March 6, 2006

Identity: Voice and Visibility

Last Saturday night, after a movie with friends, my friend Jenna and I went to a bar for some drinks. Jenna is my next-door neighbor, and has been dating my roommate from last year for ten months. We’re pretty close. We ordered our drinks at the bar, then made our way to the back, past the pool tables, to a booth to talk about the movie. As we walked past the pool tables, a group of four guys in flannel shirts and scruffy beards checked her out. As we sat down, we heard “Hey cutie—Ditch that fag and come hang out with us.” We ignored them, didn’t even reference their statement except with an eye roll. But throughout our conversation, their male gaze continued and the word ‘fag’ repeated in their conversation, the only intelligible word of their drunken mumblings. It was apparent that they were all about the sexual objectification of my friend and the sexual ‘degradation’ of me. We were both victims. But neither of us did anything.
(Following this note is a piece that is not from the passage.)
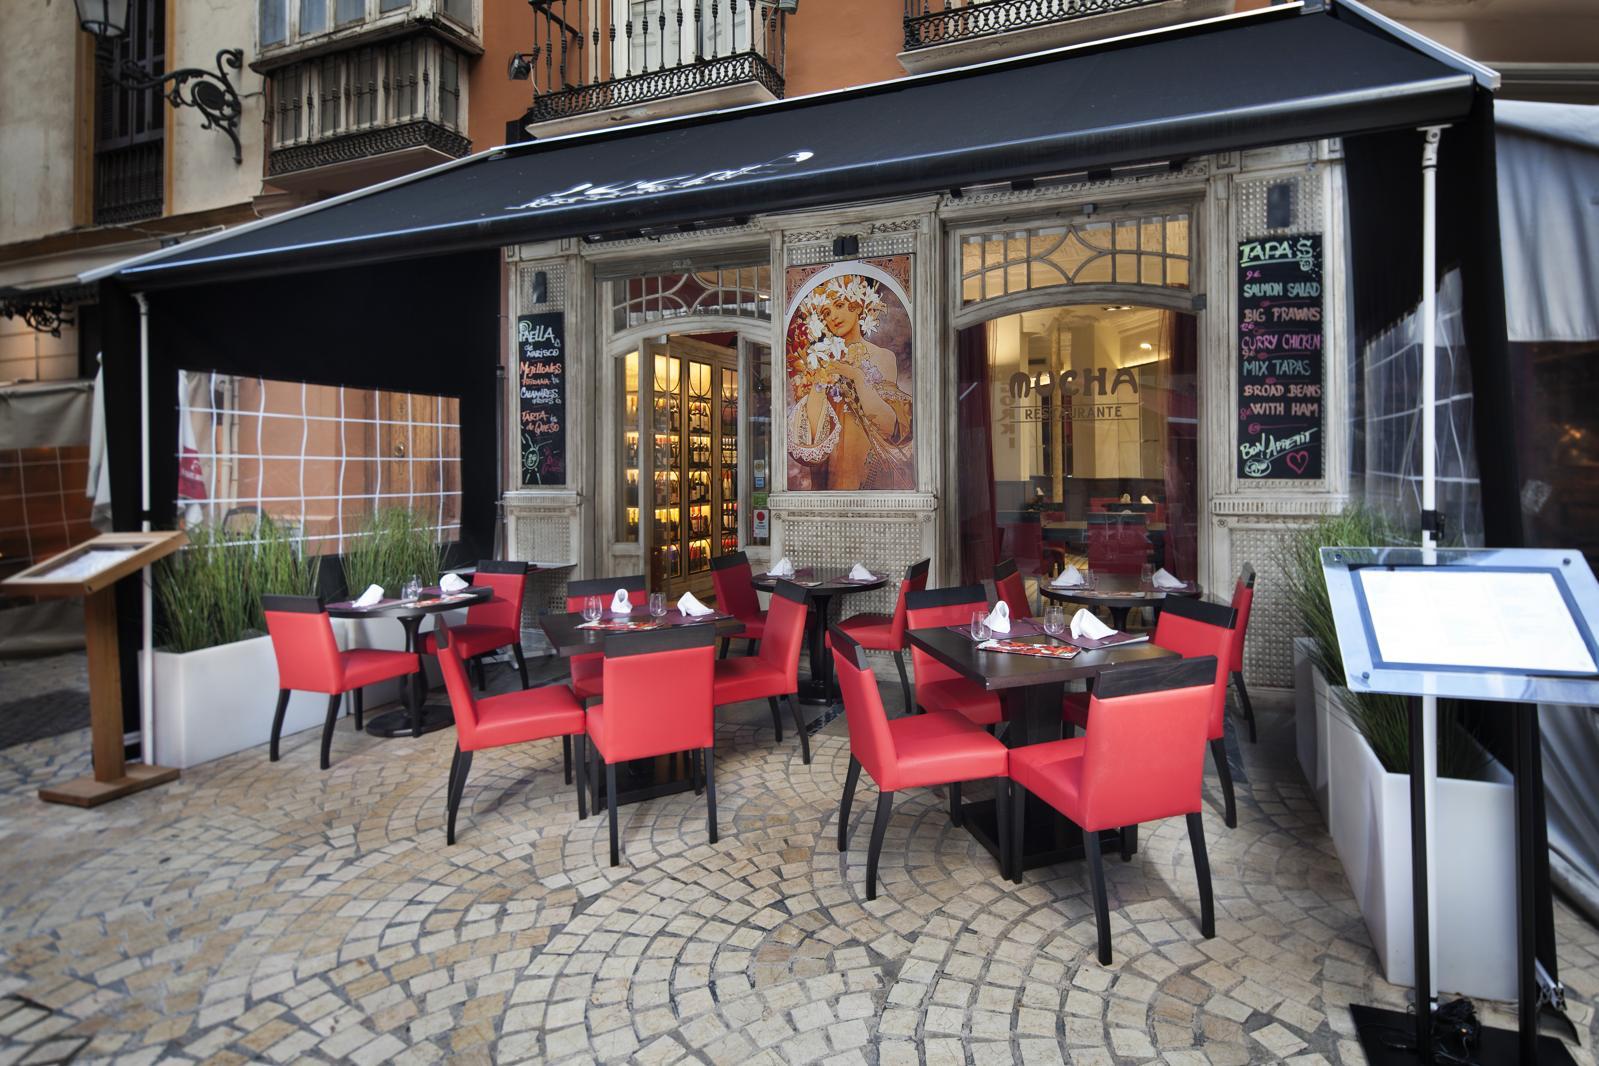 Restaurante en málaga - fotógrafo Andreas Grunau - fotografía de restaurante

“Ditch the fag.” With the simple act of walking from the bar to the table, I was already acknowledged, judged and dismissed. It’s hard to tell whether the fag comment came from an accurate gaydar reading on their part, or only the generic insult given to men outside their group, men who look weaker than they. At either rate, the remark is still a cutting one, a definite insult. “Come hang out with real men,” they implied. “Come to our easily defined world where we as the epitome of masculine work out, wear beards and act aggressive. Ditch the guy of dubious morals you are with, he is nothing. Watch as we diminish his self worth with his dismissal as a minority, one below our rule as athletic young white men. He can’t give you what you want, ultimately.” So much is in that one word: fag. I hear the word ‘fag’ and I tense up, always. I hear it from drunk guys and my jaw clenches and my fingers curl into fists, just in case.
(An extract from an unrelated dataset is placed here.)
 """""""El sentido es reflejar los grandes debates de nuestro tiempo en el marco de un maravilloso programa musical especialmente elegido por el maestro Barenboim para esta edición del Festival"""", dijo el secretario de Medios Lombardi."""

But I have no reason to prepare the fight or flight response. I don’t bet much, but if I were in Vegas I’d put the odds on the four solid-looking drunk men rather than the skinny gay guy. I couldn’t have put up much of a fight. I’m not much of a fighter anyway, physically or intellectually. The words never come.

For example, a few weeks ago in one of my English classes, we read and discussed a Minnie Bruce Pratt essay on anti-Semitism and racism. The professor divided the class into small groups. Perhaps segregated would be a better term to use, as all five boys in the class, myself included, were grouped in the back corner while the groups of girls congregated intermitted throughout the class.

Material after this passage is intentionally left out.